What happens if you do nothing
Default
Default interventions change the choice that takes effect when the person doesn't actively choose. Opt-out organ donation, automatic retirement-plan enrollment, and pre-checked privacy settings are canonical examples. The mechanism leverages the high cost of attention and the friction of overriding the status quo.
9
Experiments
7
Policy areas
1998–2020
Year span
9 / 9
Positive
When it works
When the active-choice cost is non-trivial relative to the personal stakes, and when the default reflects what most informed people would choose anyway. Effects are typically large in absolute terms — defaults can move 20–50 percentage points in opt-in rates.
Watch out for
Defaults can override genuine individual preference, so the ethics matter. The strongest case for a default is when (a) the choice has a clearly better option for most people but high friction to choose actively, and (b) opting out is easy and visible. Defaults that hide their alternatives are manipulation, not nudge.

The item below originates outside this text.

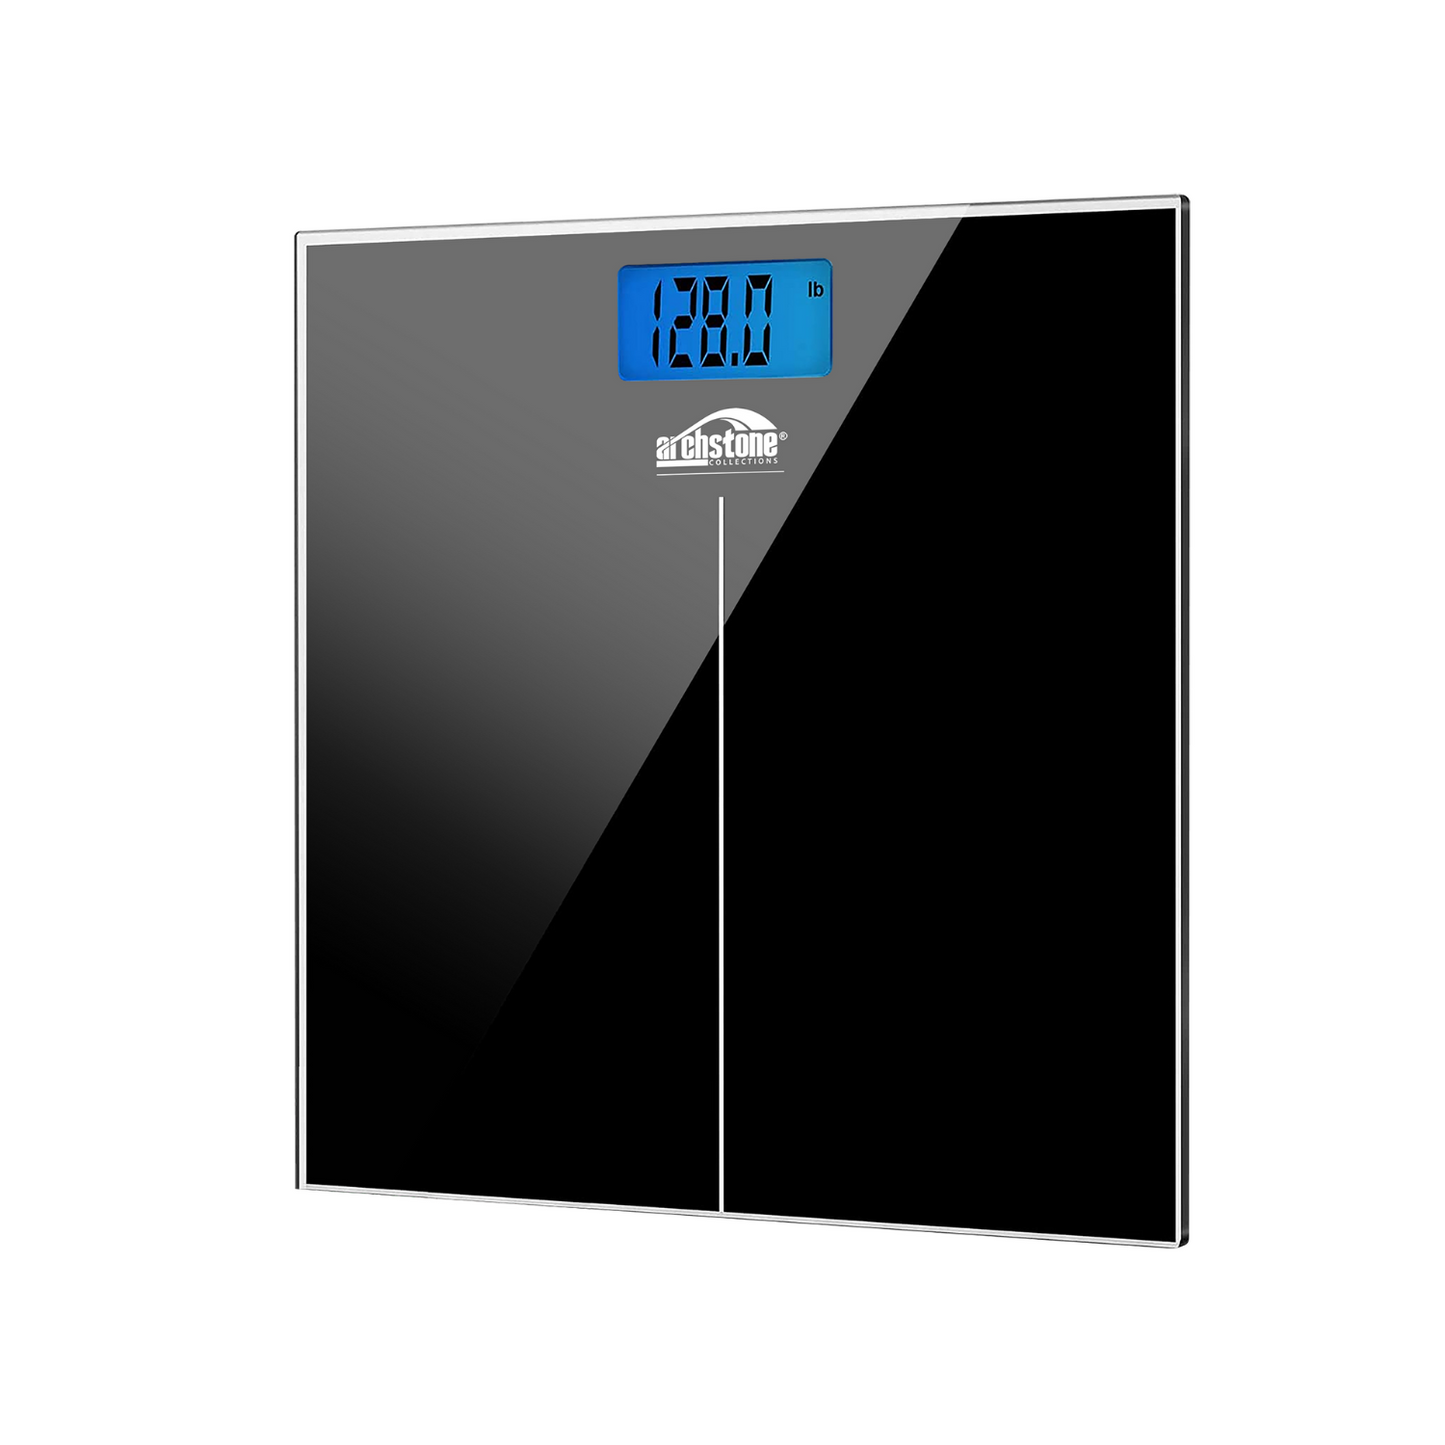 Bathroom Scale - LCD Backlighting and Tempered Glass

Default across policy areas
Energy & Environment· 2 experiments
- Positive
Green Investment Default in Retirement Plans
Nest (UK National Employment Savings Trust) · United Kingdom · 2020
Effect: 95%+ of enrolled workers now in responsible investment default; opt-out rate <2%; comparable returns
- Positive
Green Electricity Opt-Out Default
German utility companies · Germany · 2016
Effect: Opt-out adoption: 68–94% vs. opt-in: 7–41% (roughly 10× difference)

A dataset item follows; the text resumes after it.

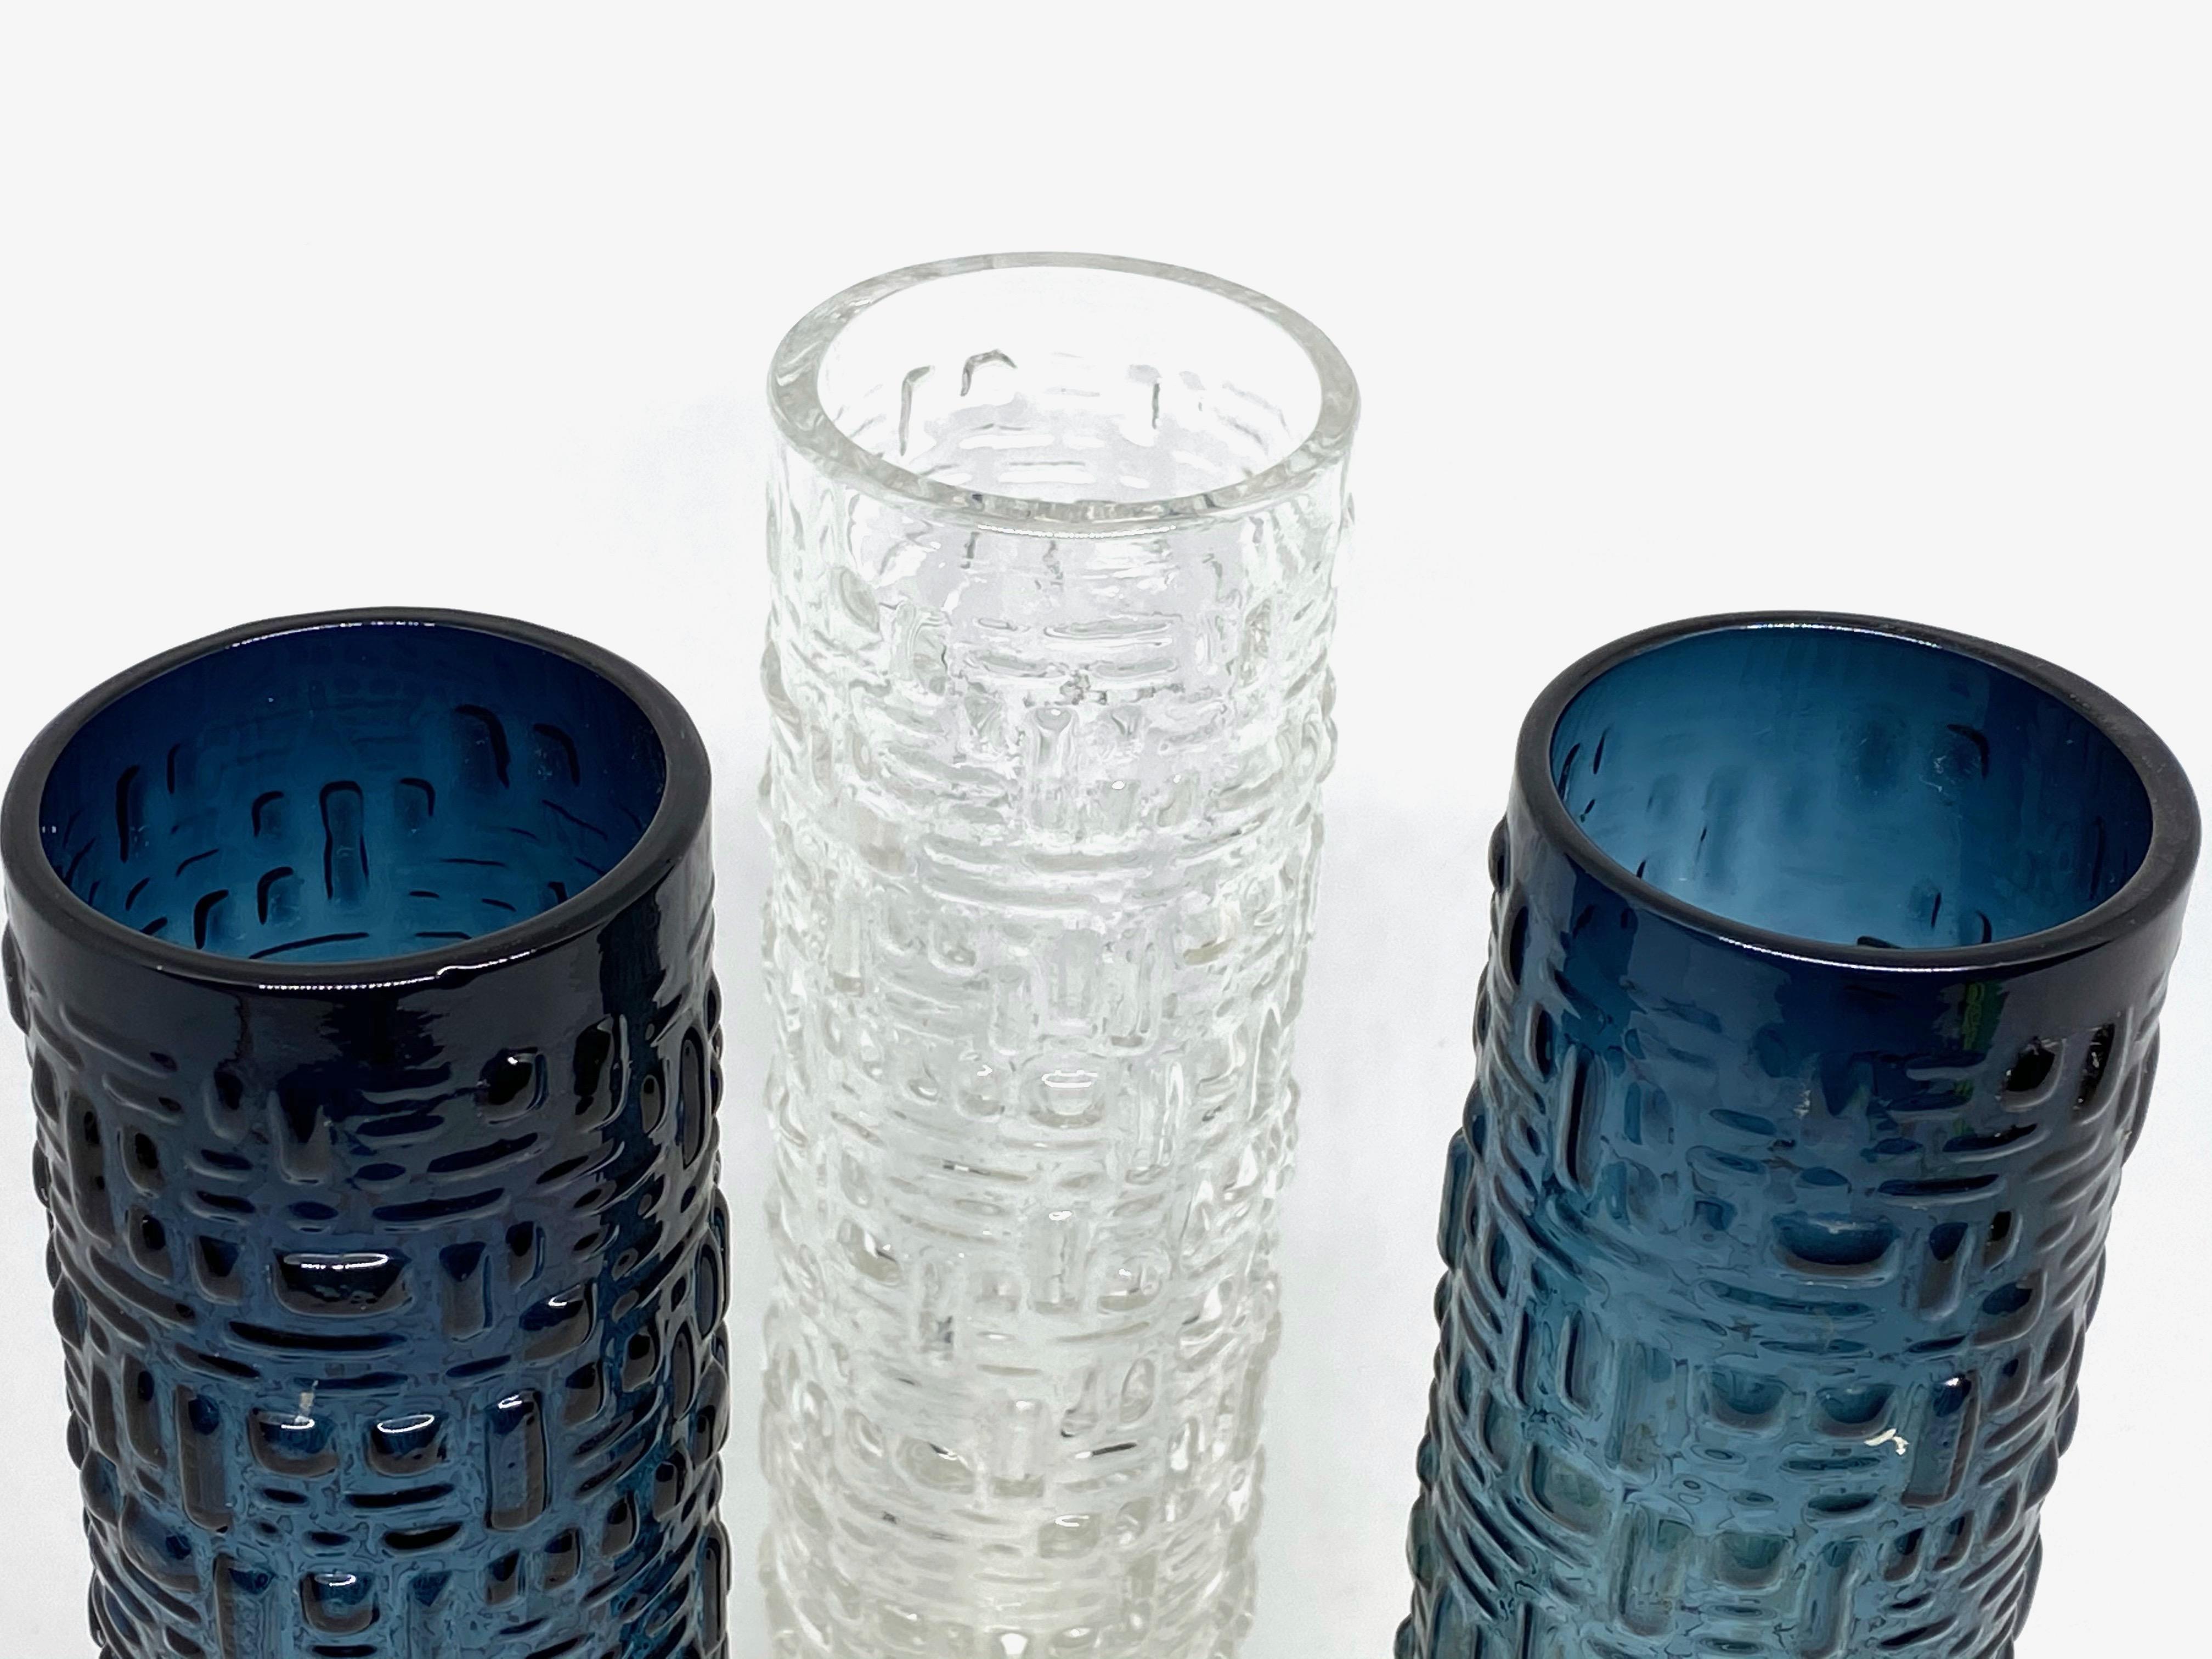 Molded Set of 3 Glass Vase by Emil Funke for Gral Glass, circa 1970s For Sale

Public Health· 2 experiments
- Positive
Chlorine Dispensers at Water Sources
Innovations for Poverty Action / Evidence Action · Western Kenya · 2007
Effect: Chlorine uptake: 61% vs. 10% for bottle distribution; diarrhea incidence: -26% in dispenser communities
- Positive
Organ Donation Opt-Out Defaults — Cross-National Evidence
Johnson & Goldstein (Columbia) / multiple national health ministries · Multiple countries (Europe) · 2003
Effect: Johnson & Goldstein: opt-in countries averaged 15% donor registration rates; opt-out countries averaged 98% — an 83-percentage-point difference. Wales: registered donor rate rose from 48% to 79% within 18 months of opt-out implementation. Transplant rates: significant increases in actual transplantation in opt-out countries vs. comparable opt-in countries.